▶ **TASK DESCRIPTION**: Copy out exactly the stretch of the listing below that begins at the line containing "Walk Cycle Animation by Hyacinth on Dribbble" and ends at the line containing "Information Systems professional", and copy nothing outside it.

▶ **DATA TO USE**:
============

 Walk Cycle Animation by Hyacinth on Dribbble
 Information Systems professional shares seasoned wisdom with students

============

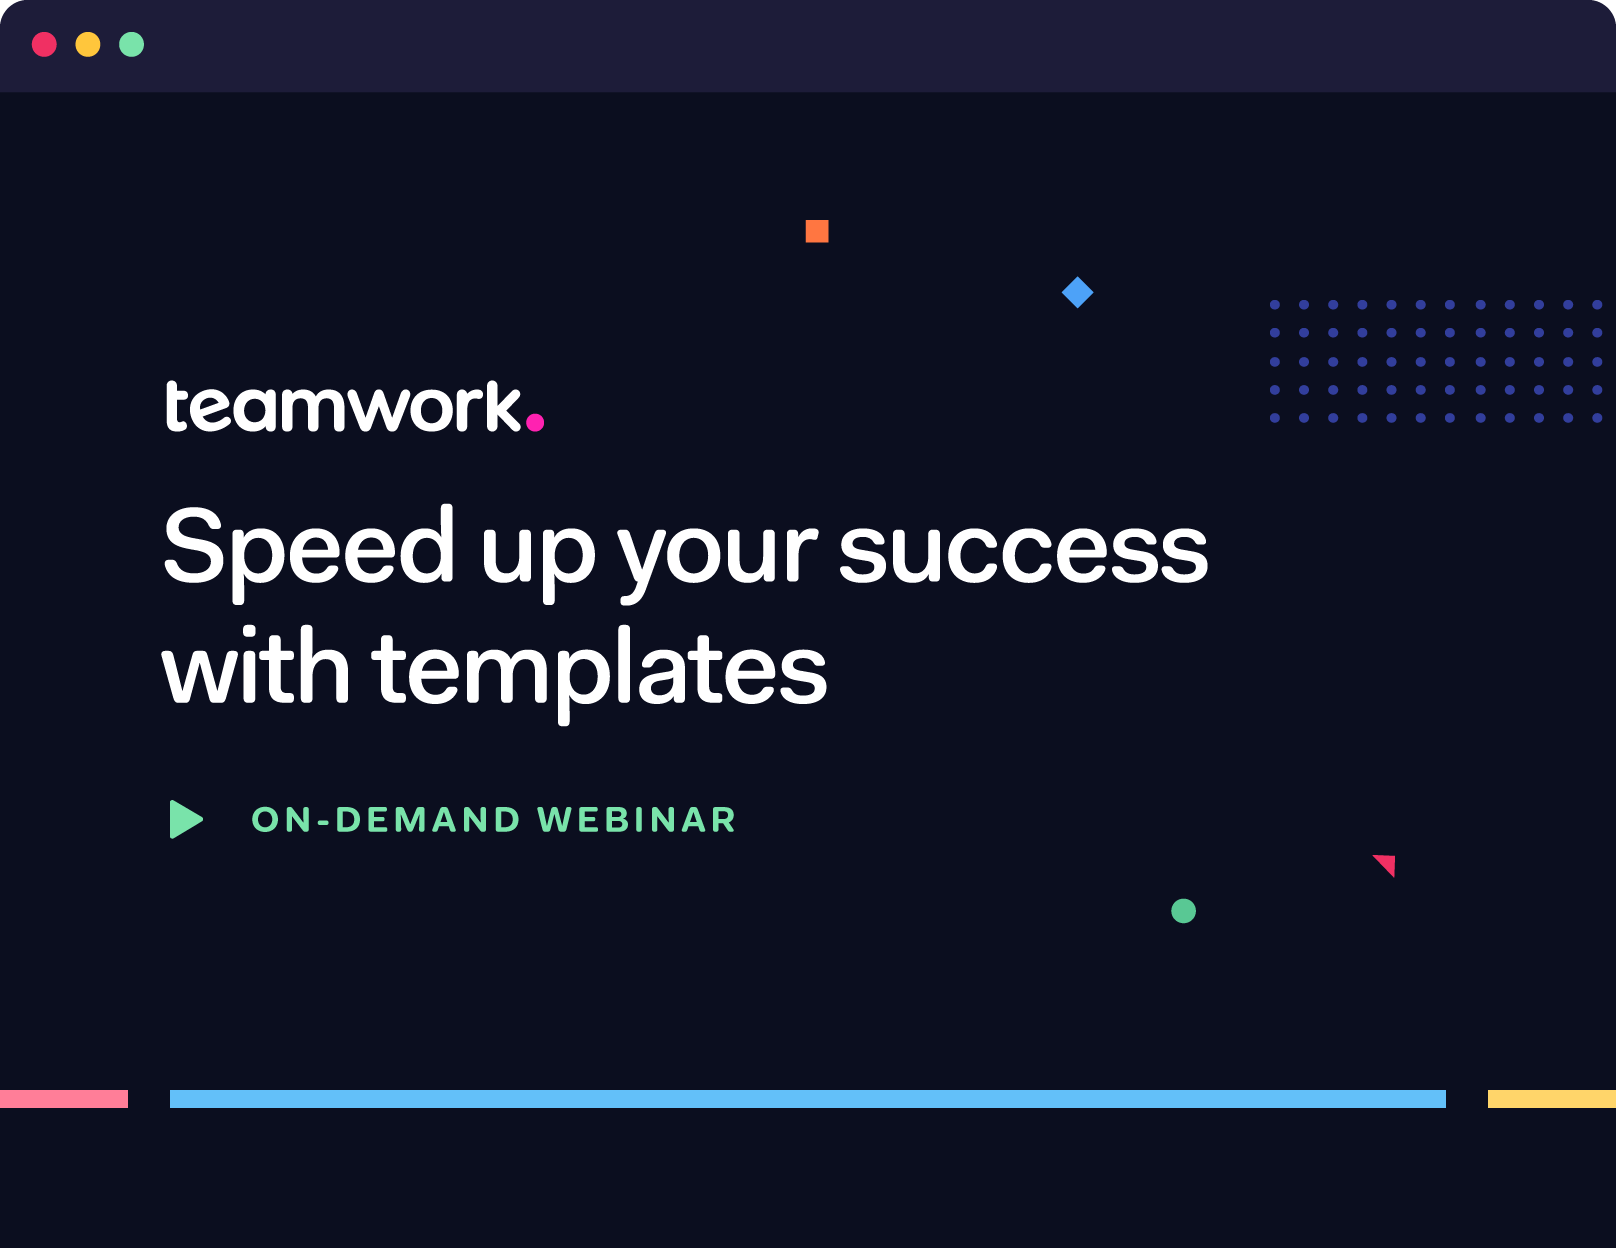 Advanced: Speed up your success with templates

============

▶ **ANSWER TO THE EXERCISE**:
 Walk Cycle Animation by Hyacinth on Dribbble
 Information Systems professional shares seasoned wisdom with students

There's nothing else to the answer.